Torah ~ Deuteronomy 7:12-11:25

Haftorah ~ Isaiah 49:14-51:3 Brit Chadasha ~ John 15:1-5

As we journey toward the High Holy Days, many of us find ourselves challenged with the desire to be closer to the Lord both inwardly and outwardly. Each week, from now until Yom Kippur our weekly haftarah portion is called a “haftarah of consolation” because each one reminds us that in the end there is victory.

The Torah portion for this week is called eikev, which in our portion means the outcome of the way we live. In the English text it is usually translated as "because." The word is only found in the first verse and the last verse of the portion (7:12 and 8:20.) “Then it shall come about, because you listen to these judgments and keep and do them, that the LORD your God will keep with you His covenant and His lovingkindness which He swore to your forefathers (7:12).” “Like the nations that the LORD makes to perish before you, so you shall perish; because you would not listen to the voice of the LORD your God (8:20).” As you can see this Torah portion describes two kinds of outcomes. If we listen to the way of the Lord (remember!) and live the Torah way of life, there is a very positive outcome. If we fail to listen (forget!) and simply live in a way that does not reflect the ethical and moral way of life that God instructs, the outcome is difficult. For most of us, we fall somewhere in the middle. Actions have consequences and we experience both good and bad things in life due to the choices that we make.

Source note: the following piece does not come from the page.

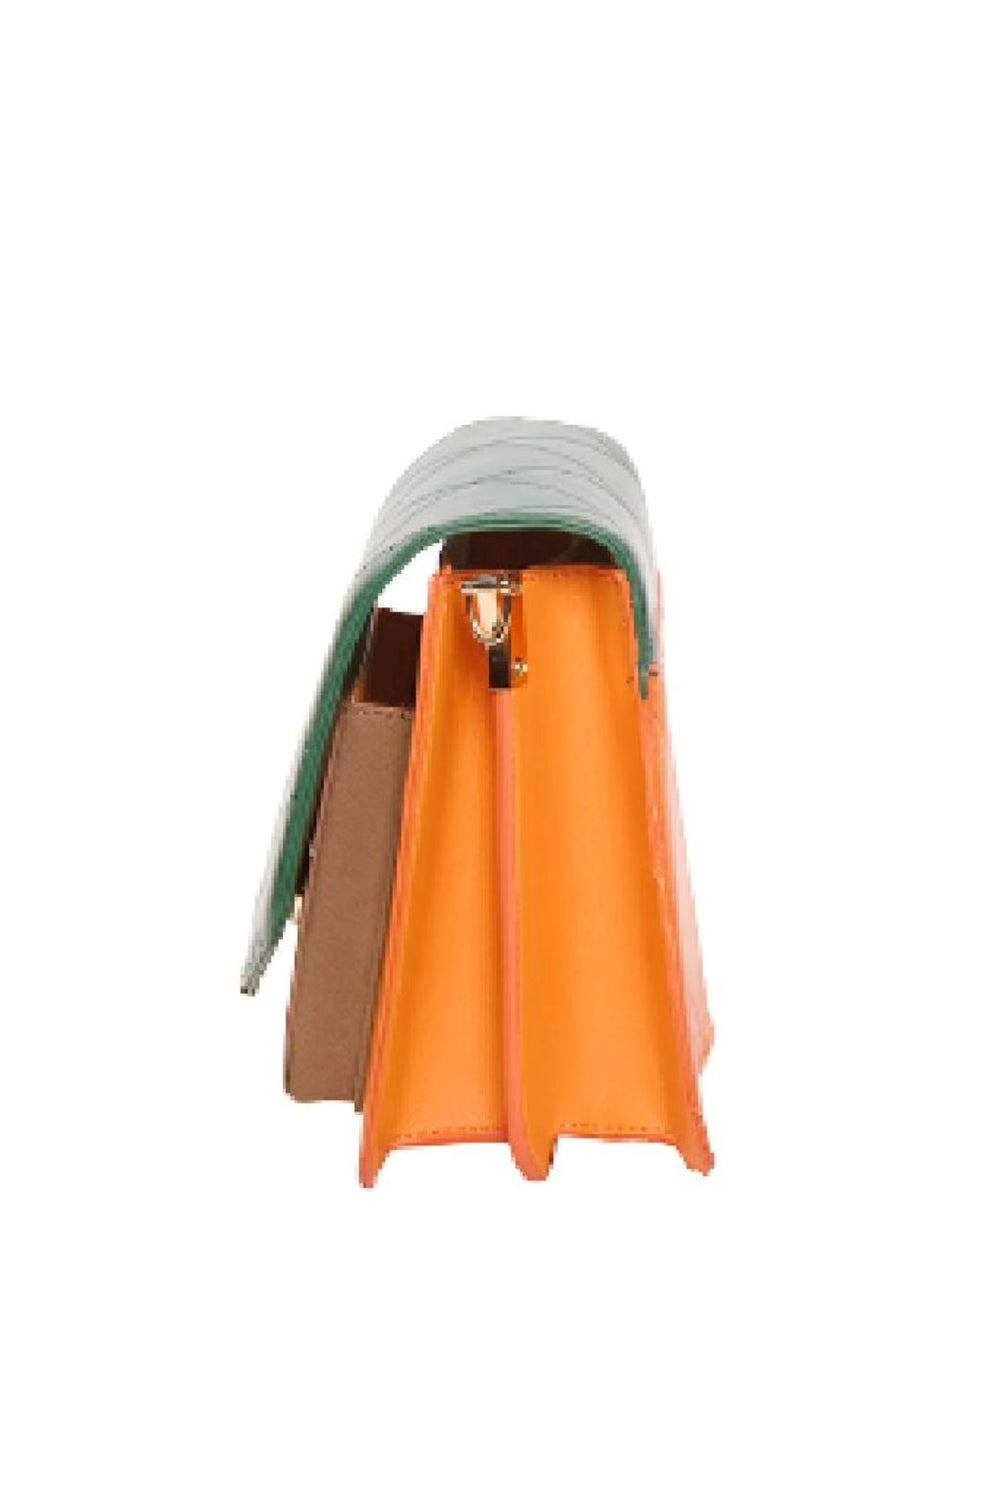 Noella - Blanca Bag Medium - Dark Green/Orange/Taupe Tasker

The haftarah portion for this week is Isaiah 49:14-50:11. The beginning of the passage, Isaiah 49:14-26, describes a time when Zion will be restored. He comforts the people who are despondent and defeated. The people feel that God has abandoned them because their situation is difficult. The nation has made bad choices and the results have been devastating. But, God assures them that He will never abandon them even if it feels like God is absent. God likens Israel to a nursing child. Never will He abandon them. Rather ultimately, He will restore them. Chapter 50 of Isaiah describes a Servant who is a disciple (Is.50:4-9). He has a very close relationship with God. He is obedient even through suffering. He knows that the day is near when all the accusations against Him will be proven wrong and He will be declared righteous. This Servant is the one and only Israelite who meets the standard of perfect obedience. The Servant is Yeshua the Messiah. We will learn in Isaiah 53 that it is through His death and resurrection that He accomplishes the task of restoring Israel. The New Covenant portion is John 15:1-15. The good news for Messiah followers is that ultimately, in the World To Come, there will be no more sin and death and tears and negative consequences to actions. Yeshua is the perfect vine (the Servant) amongst dead branches who will restore the entire vineyard. (See Isaiah 5 for the background of the vineyard). It is through Messiah Yeshua that Zion will be restored both internally and in the land.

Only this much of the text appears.